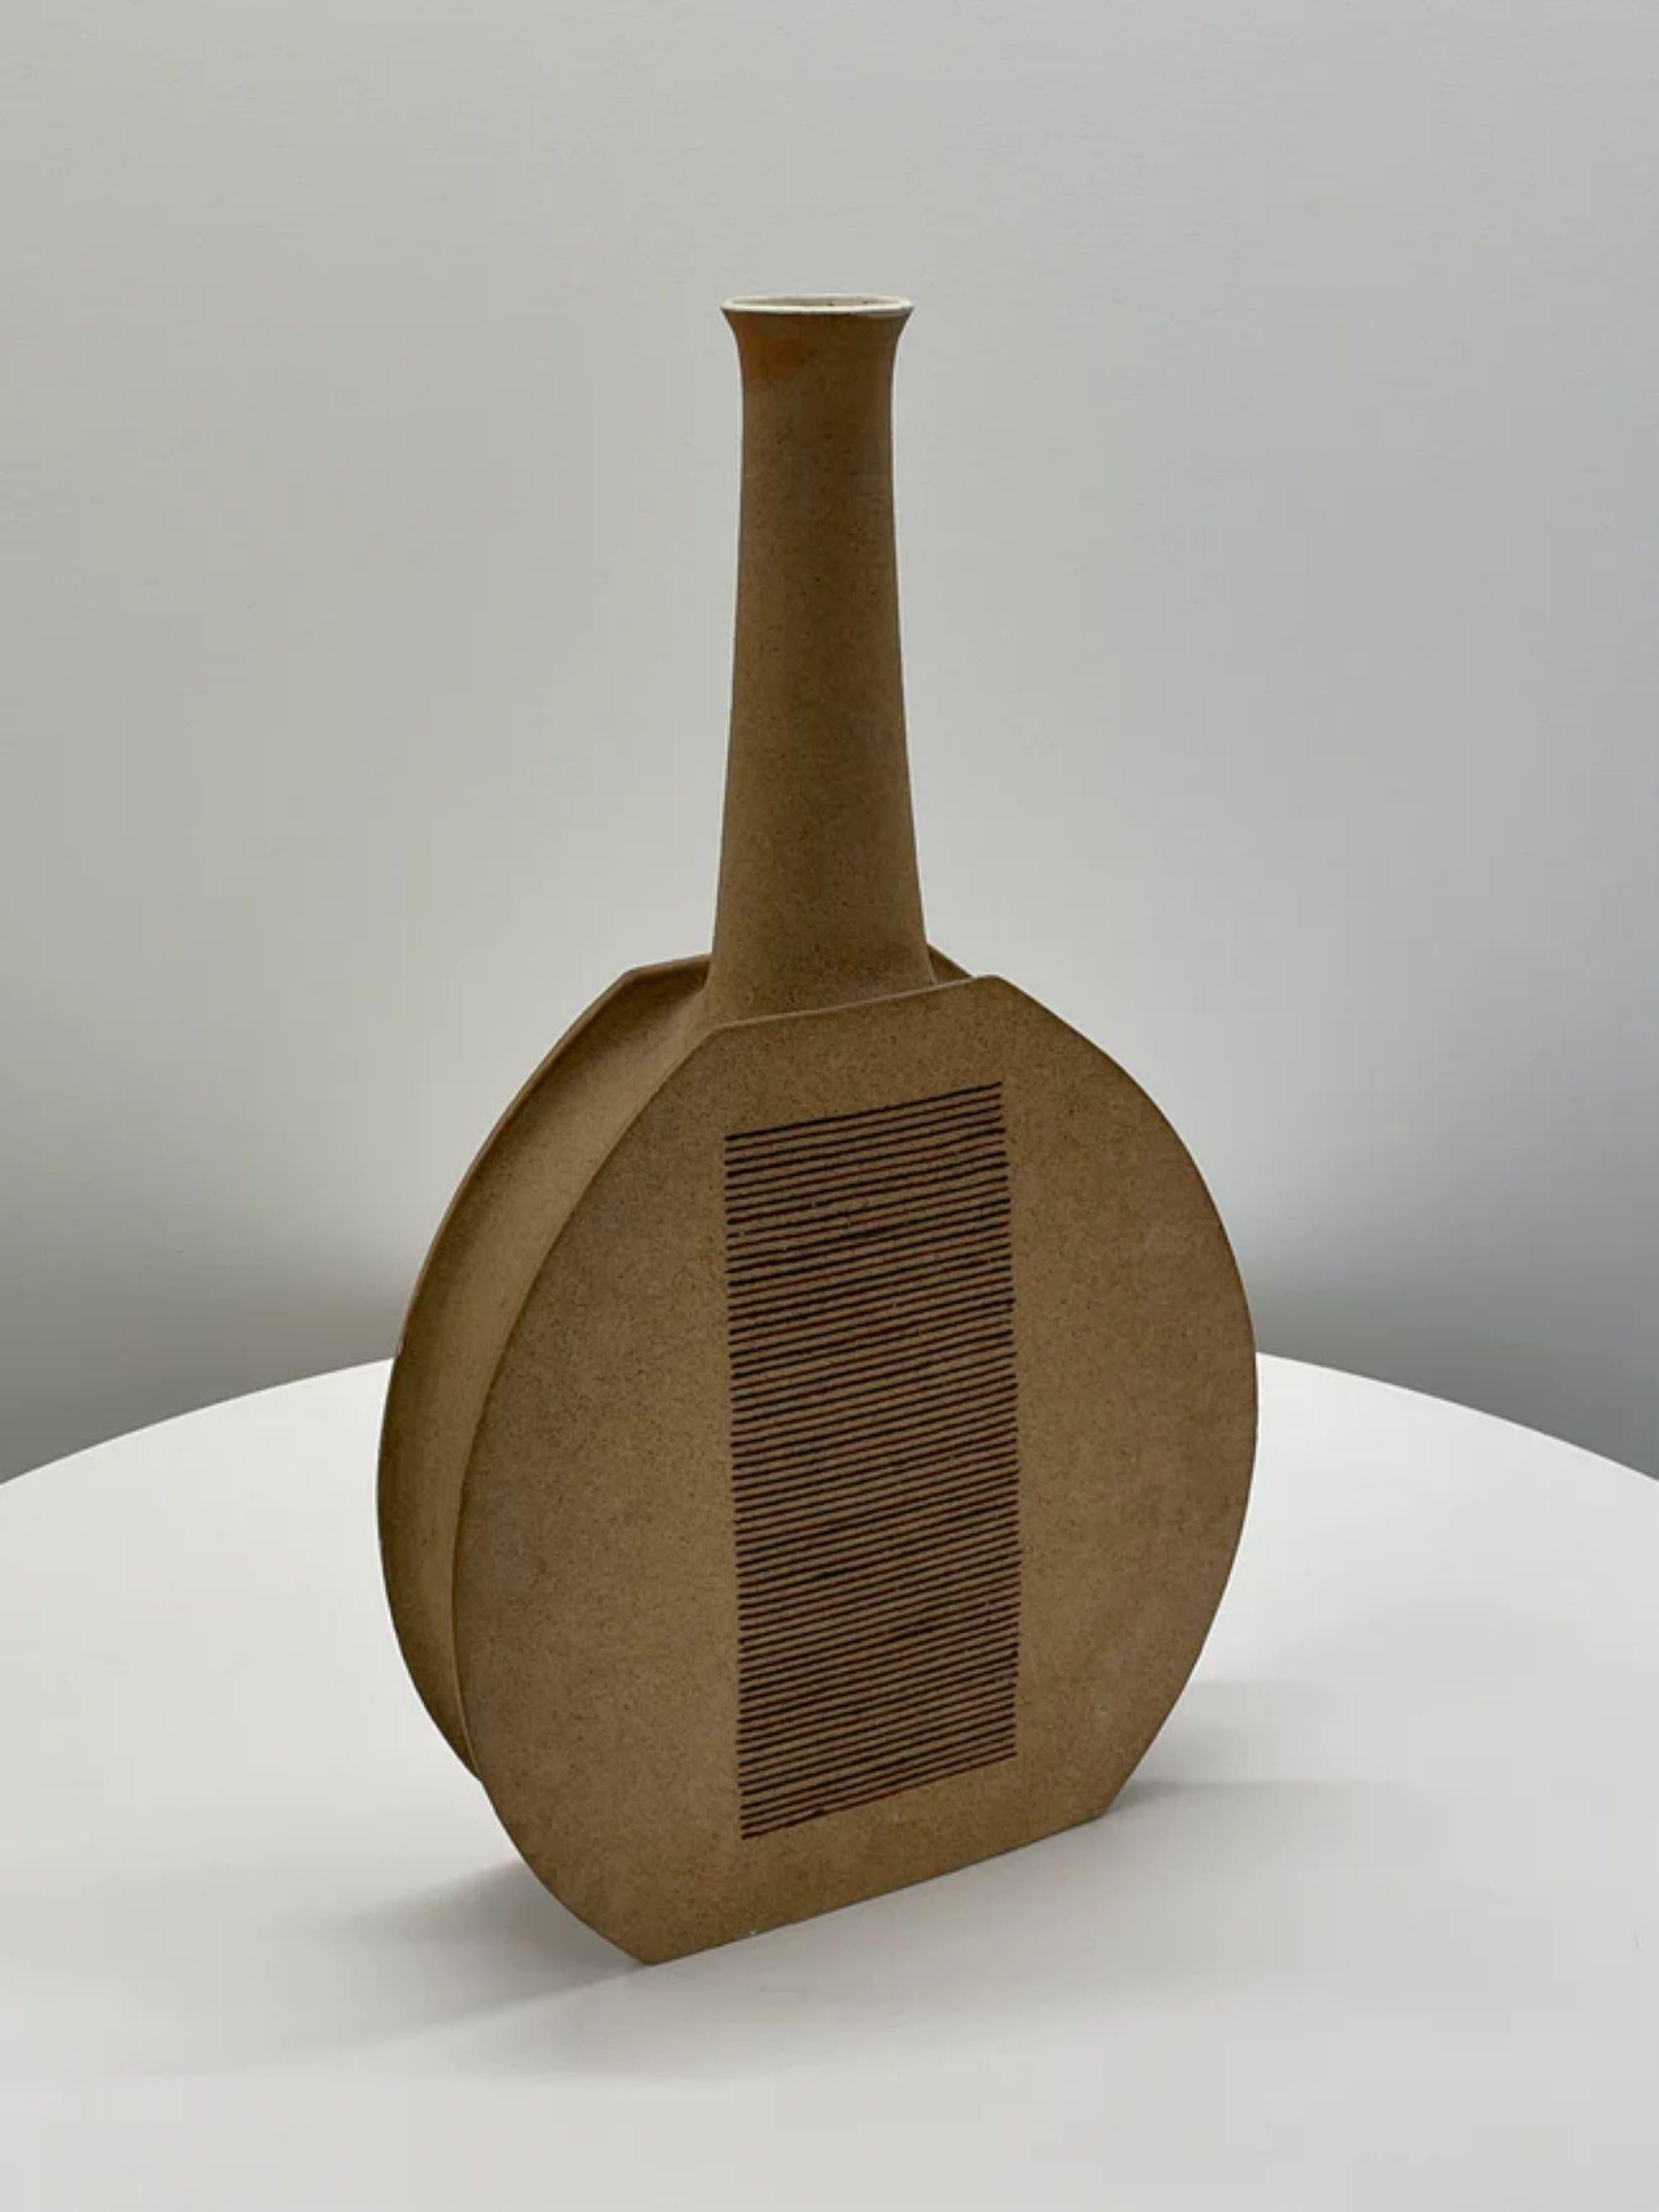 Bruno Gambone monumentales Keramikgefäß, Italien, 1970er Jahre

Zusätzliche Informationen:
MATERIALIEN: Keramisch glasiert
Abmessungen: 27
== == ==
Assignment »
Could you output the lines above exactly, with no pictures included?

Result for this task »
 Bruno Gambone monumentales Keramikgefäß, Italien, 1970er Jahre

Zusätzliche Informationen:
MATERIALIEN: Keramisch glasiert
Abmessungen: 27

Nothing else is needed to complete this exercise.